When Jesus walks along the shoreline and calls his followers to be fishers of people, part of the imagery rattling around in the background is the sea as a realm of chaos and evil. We are being called to gather humanity out from the realm of bondage into the realm of freedom. We are being called to cast wide the nets of God’s mercy, to gather the world out from darkness into light, from despair into hope, from death into life.

The second thing I want you to remember is that something is lost when we read this story clipped from the larger narrative. Yes, this is a great story on its own. Yes, it is a classic Sunday school story. But this story is still at the beginning of the very first chapter of Mark’s Gospel. And, as we talked about last week, Mark’s gospel is filled with intensity.

‘Immediately’, it says, they left their nets. (v. 18) ‘Immediately’ Jesus called them (v. 20). The word ‘immediately’ is used twelve times by Mark in this first chapter alone – that averages better than one in every fourth verse. It will get used thirty more times in this short little Gospel. The story Mark tells is full of urgency. It begins with a bang.

Jesus’ summons of followers is part of this incredible dynamic power of Jesus. He is the mighty one who will drench the world in the Spirit of God. He is the one for whom the heavens are torn open. He is the one on whom the Spirit descends. He is the one of whom God will say, “This is my Son, the beloved.” This is the one who will be immediately tested by Satan and be waited on by angels. This is the one who declares that the time has come; God’s reign is begun. He summons people to come and they leave everything to follow him. Next Sunday we will hear how demons cry out and immediately he silences them. We will hear how the sick are brought to him and he heals them. In the Sundays to come we will hear how he reaches out and touches a leper and renders him clean, and how he will announce a crippled man to be forgiven and then tell him to take up his mat and walk.

This story about Peter, Andrew, James and John is not really a story about us; it is a story about Jesus. We are called to discipleship. We are called to follow. We are called to cast wide the nets of mercy.
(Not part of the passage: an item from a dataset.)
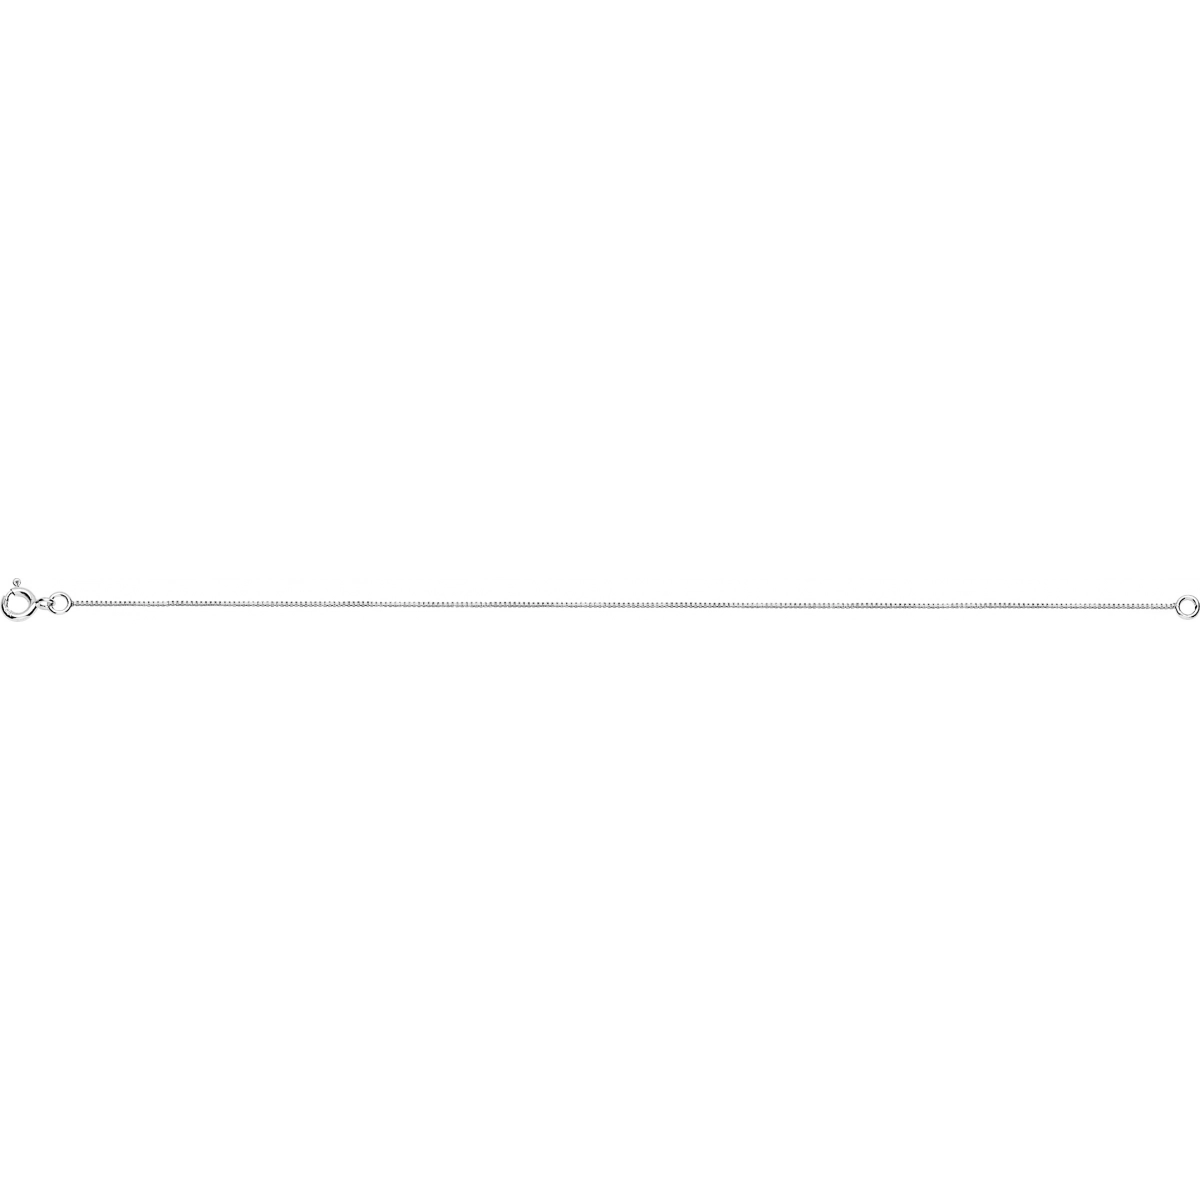 Necklace 'venitian chain' 18K WG - Size: 40  Lua Blanca  VE2G.40

But the story is not about us. It is about Jesus who walks fearlessly on the boundary between earth and sea, between heaven and hell, between death and life to rescue the world.

This is the Jesus who encounters us in the waters of the font. This is the Jesus who embraces us in his mercy and feeds us at his table. This is the Jesus who speaks to us words of life and breathes his Spirit upon us. This is the Jesus who commissions us as his agents and summons us to cast wide the net of mercy.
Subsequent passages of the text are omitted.